Brief: Give exactly the lines from the one with "La quête d'abeilles" through the final line of the listing below, both included, leaving out any pictures.

━━ Raw data ━━

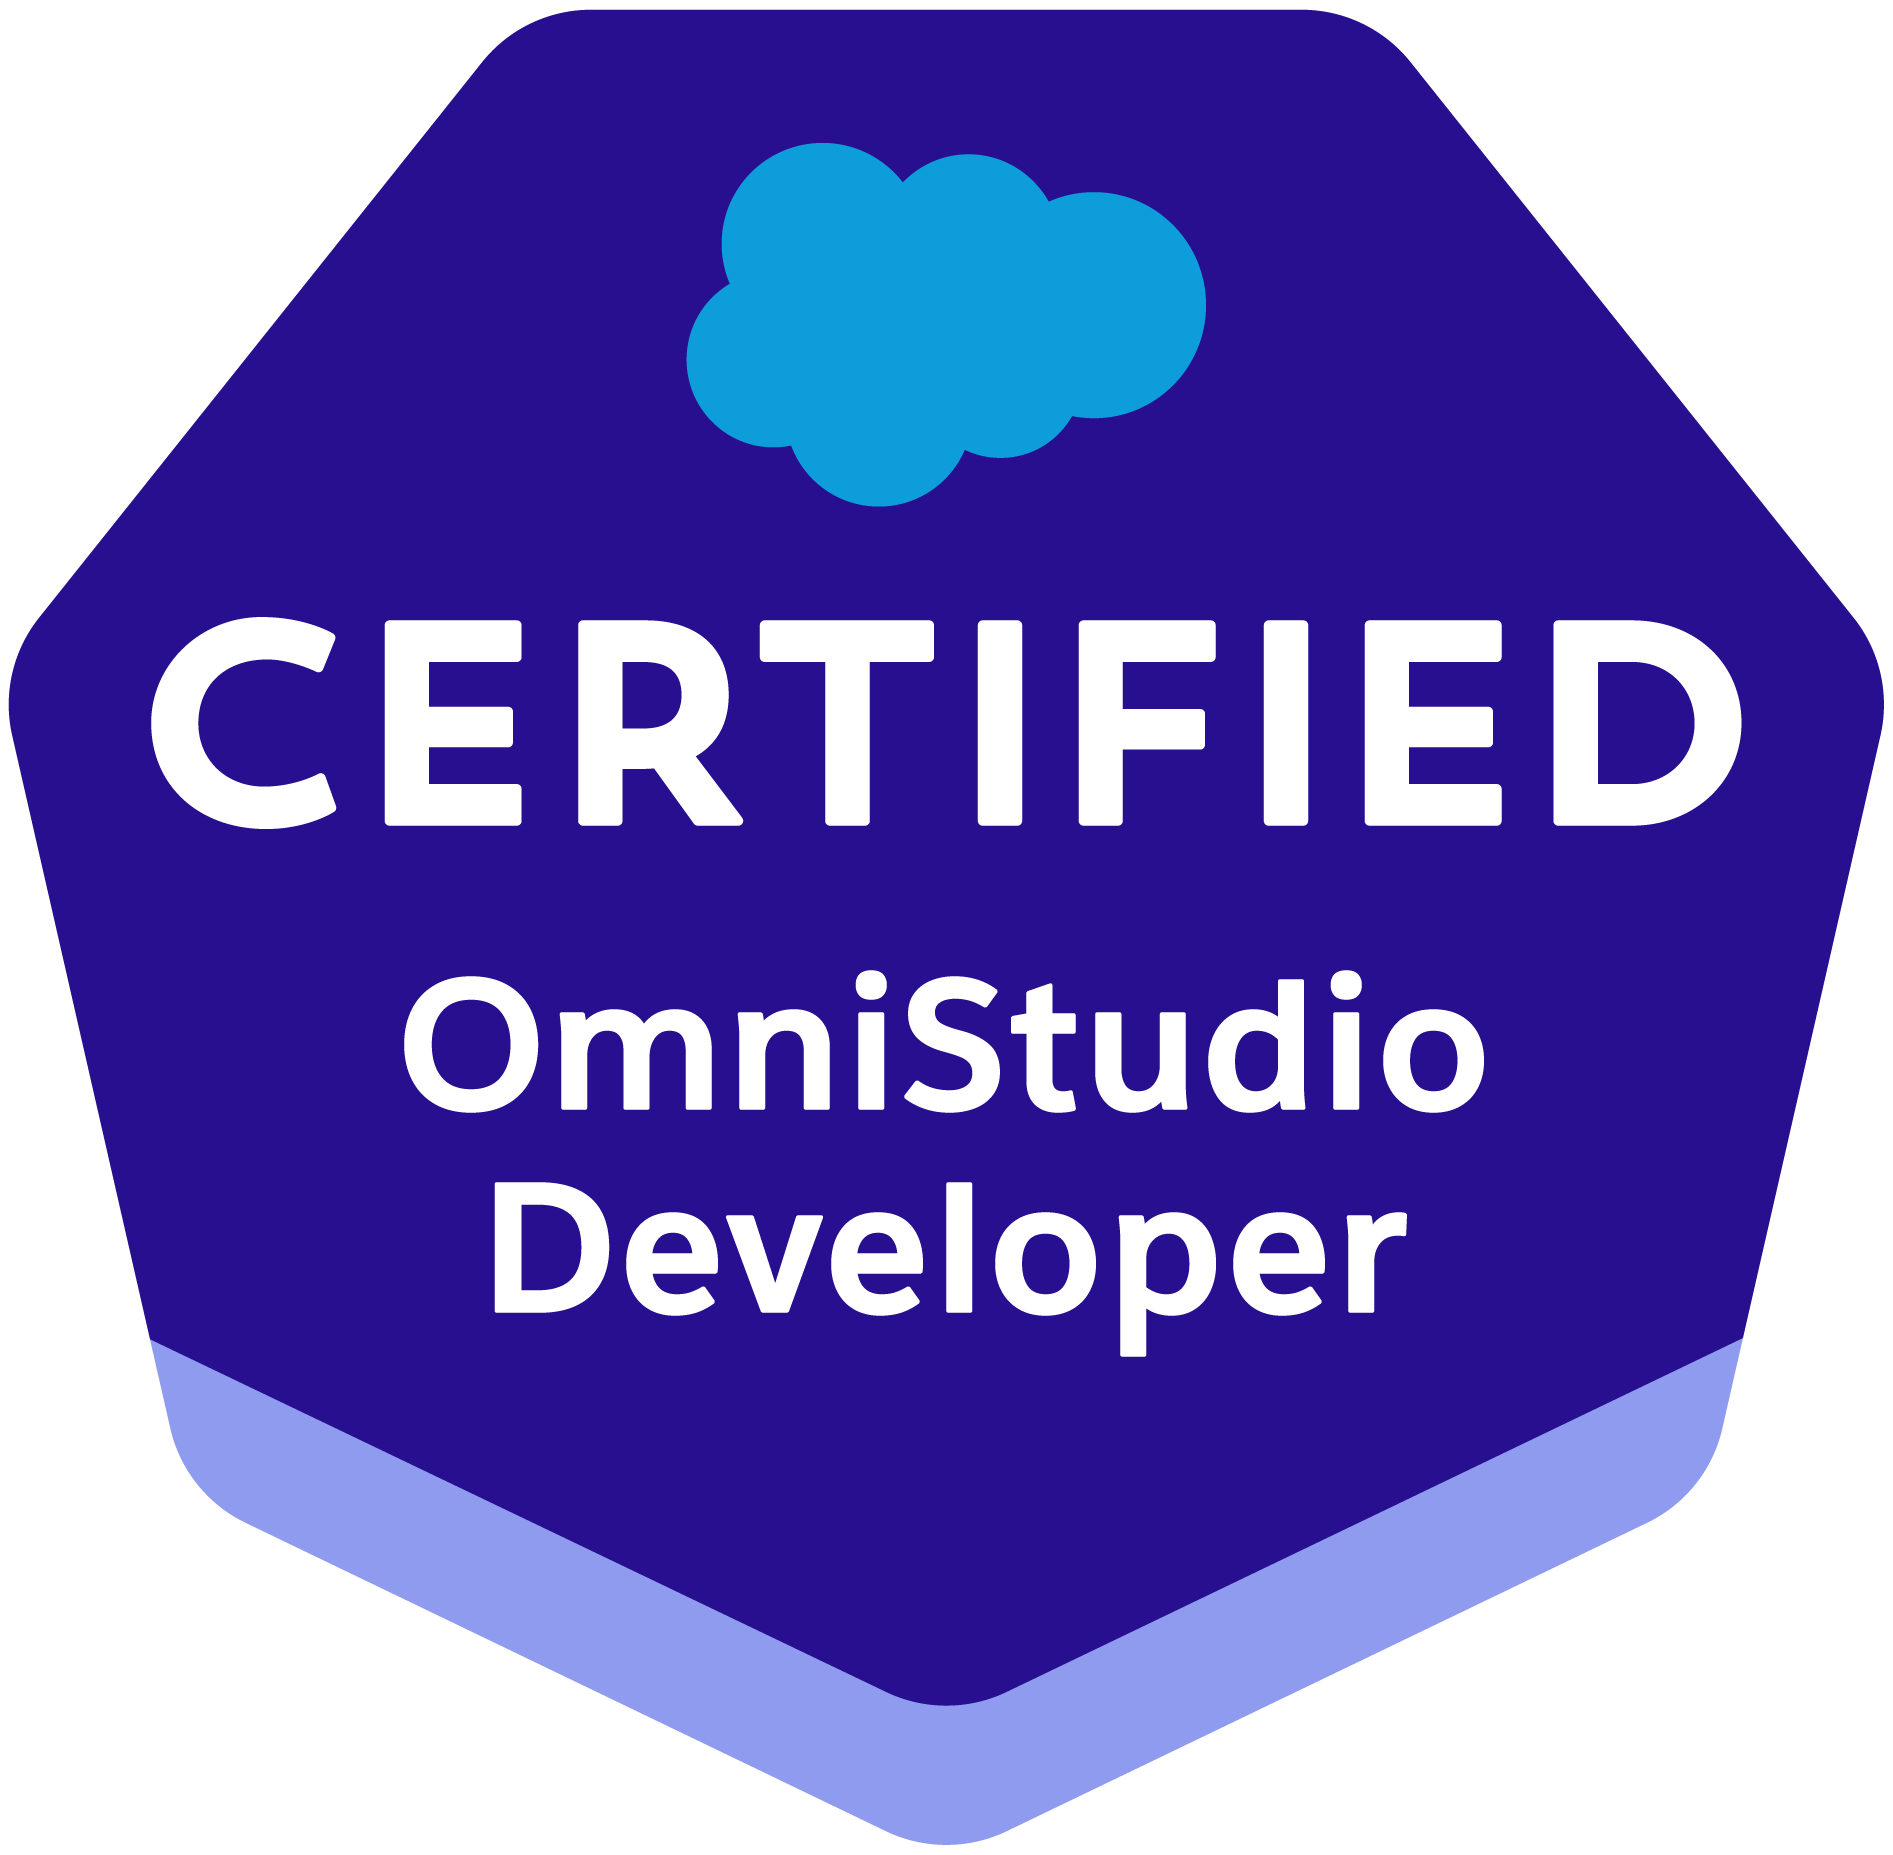 OmniStudio Dev Certification
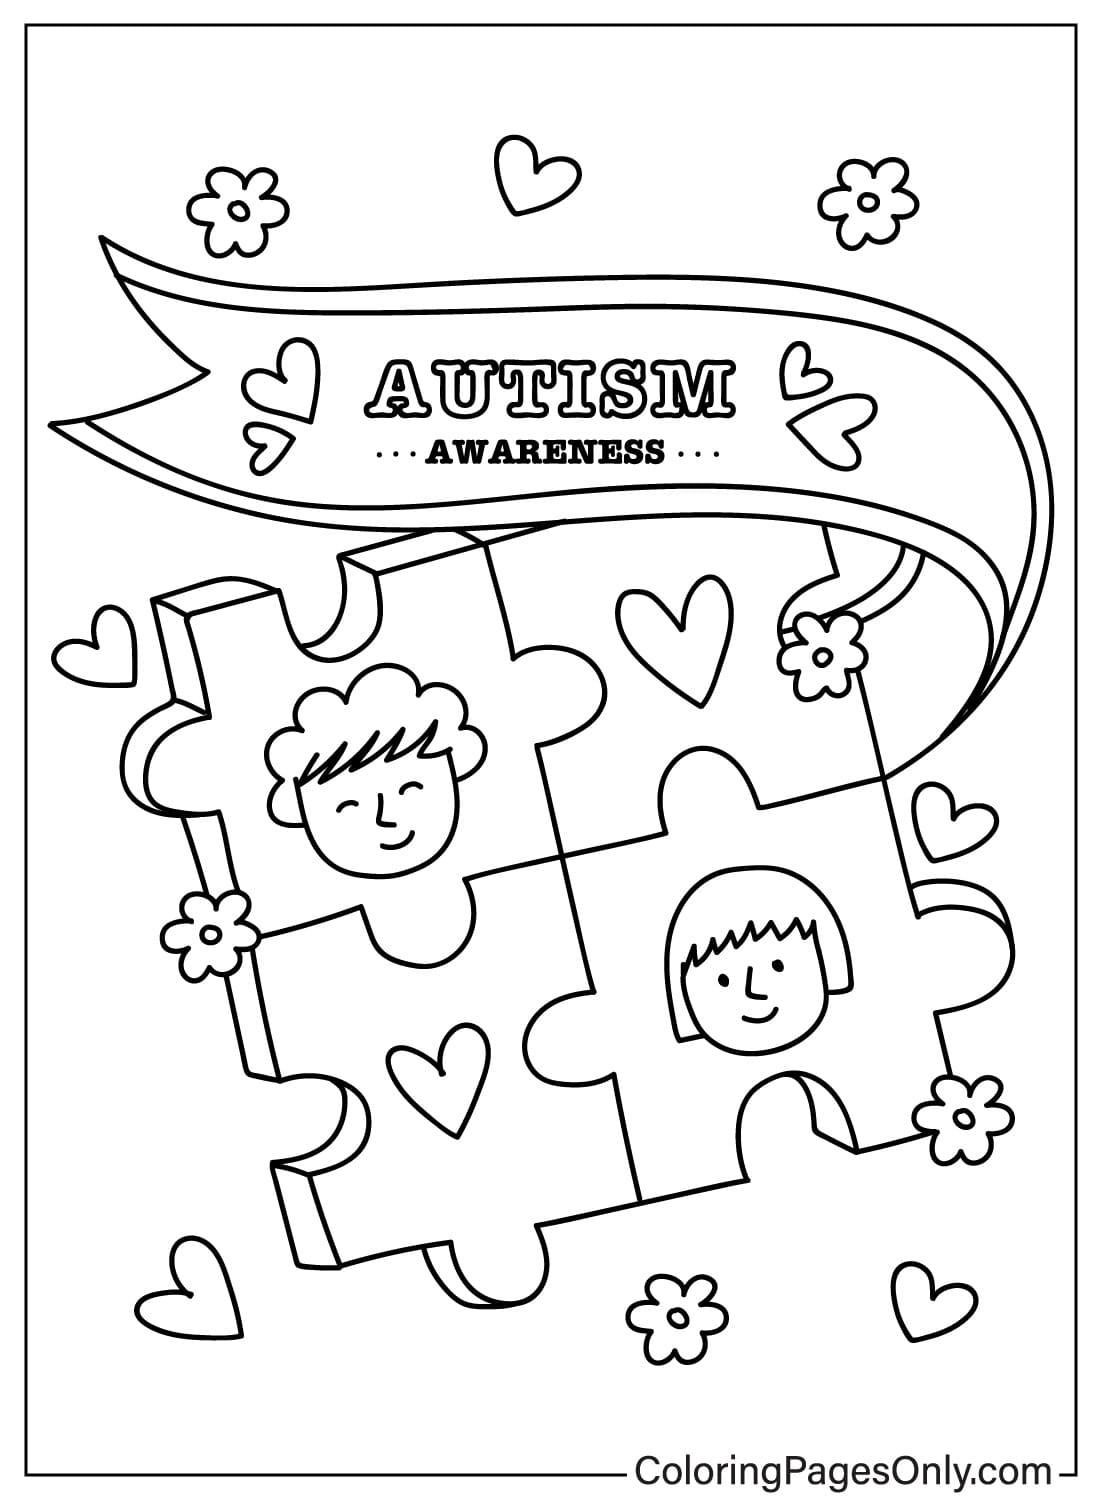 Imagen para colorear de concientización sobre el autismo del Día Mundial de Concientización sobre el Autismo
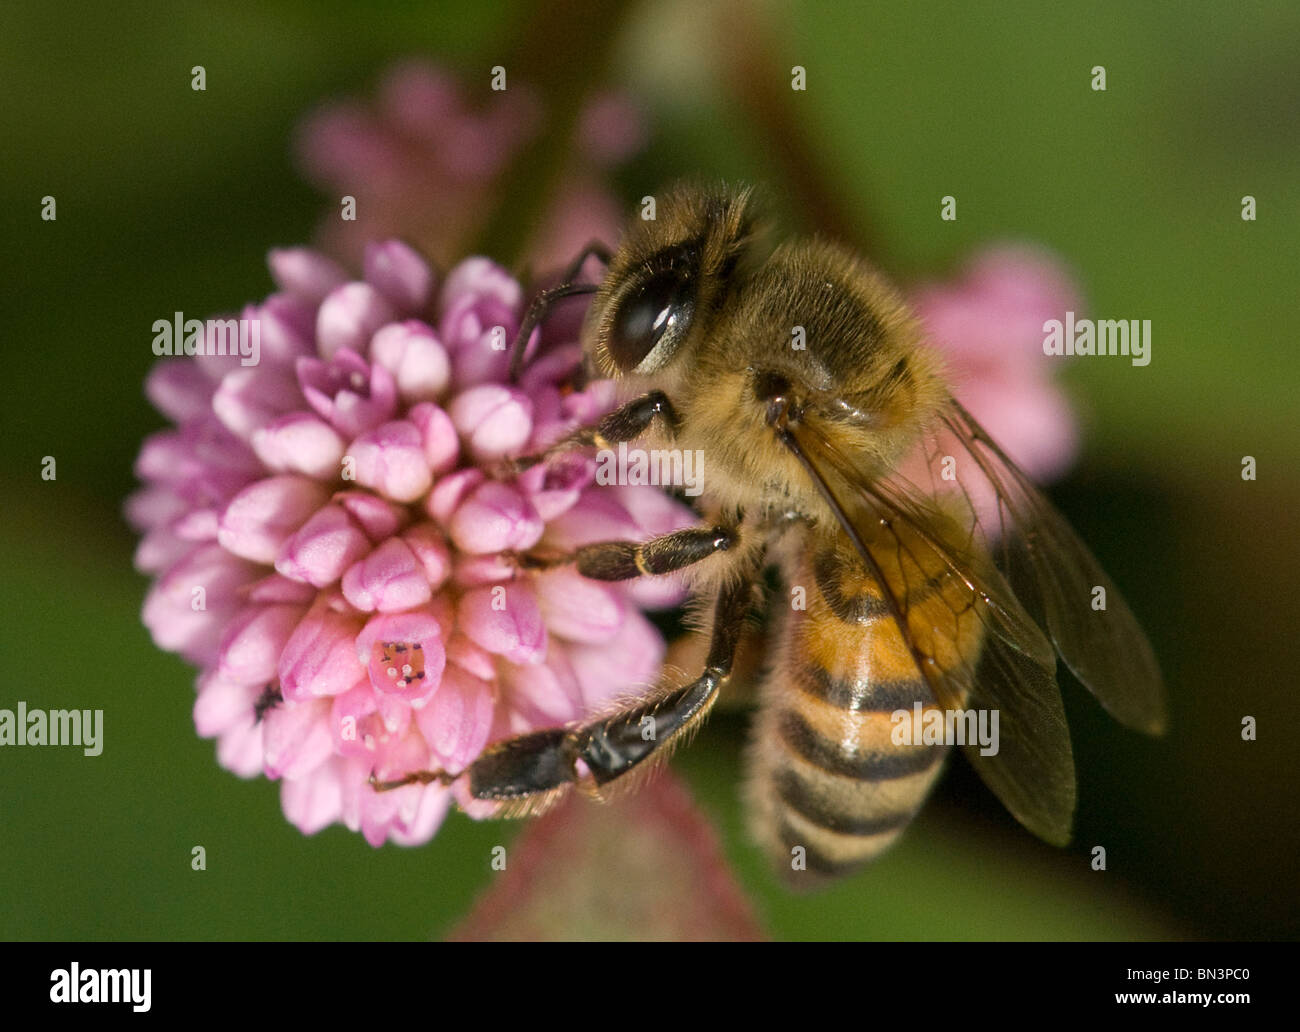 La quête d'abeilles sur une fleur Banque D'Images
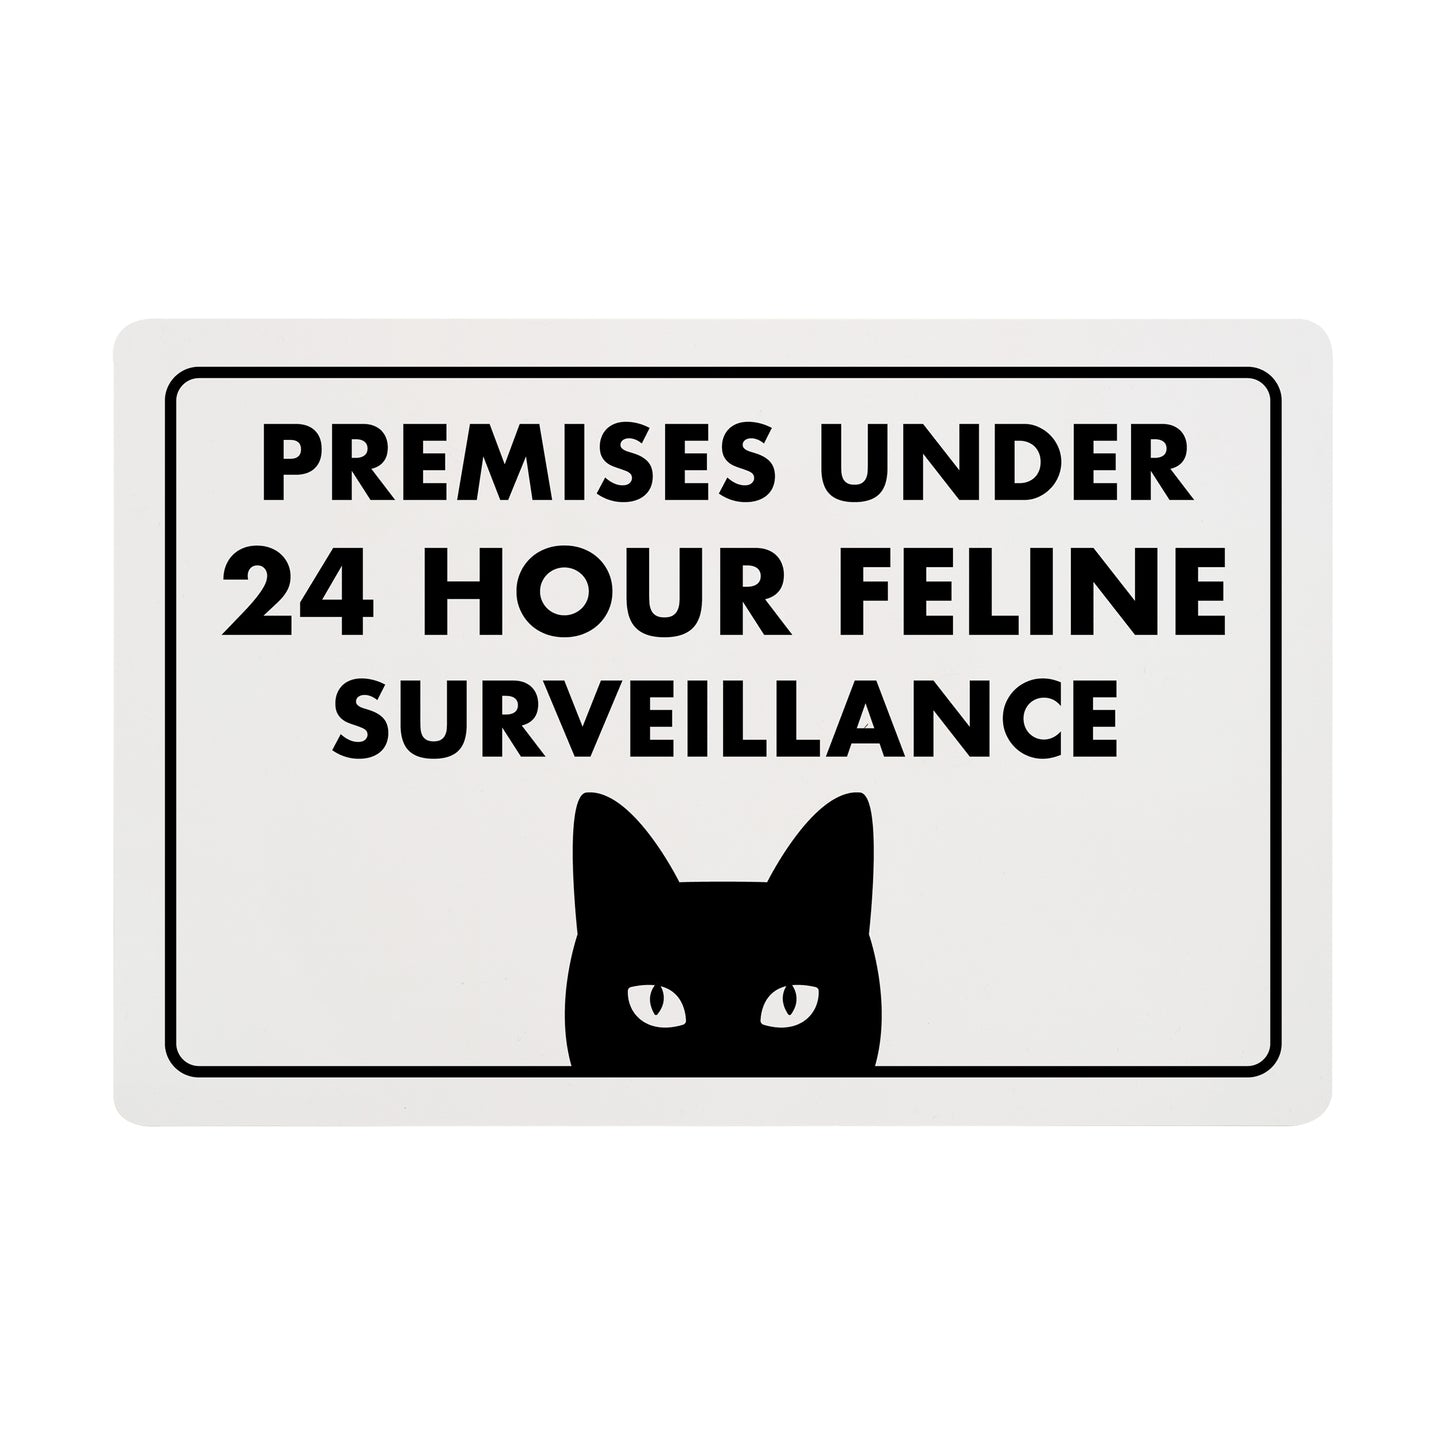 Premises Under 24 Hour Feline Surveillance - 8" x 12" Funny Plastic (PVC) Sign

━━━

Result of this exercise:
 La quête d'abeilles sur une fleur Banque D'Images
 Premises Under 24 Hour Feline Surveillance - 8" x 12" Funny Plastic (PVC) Sign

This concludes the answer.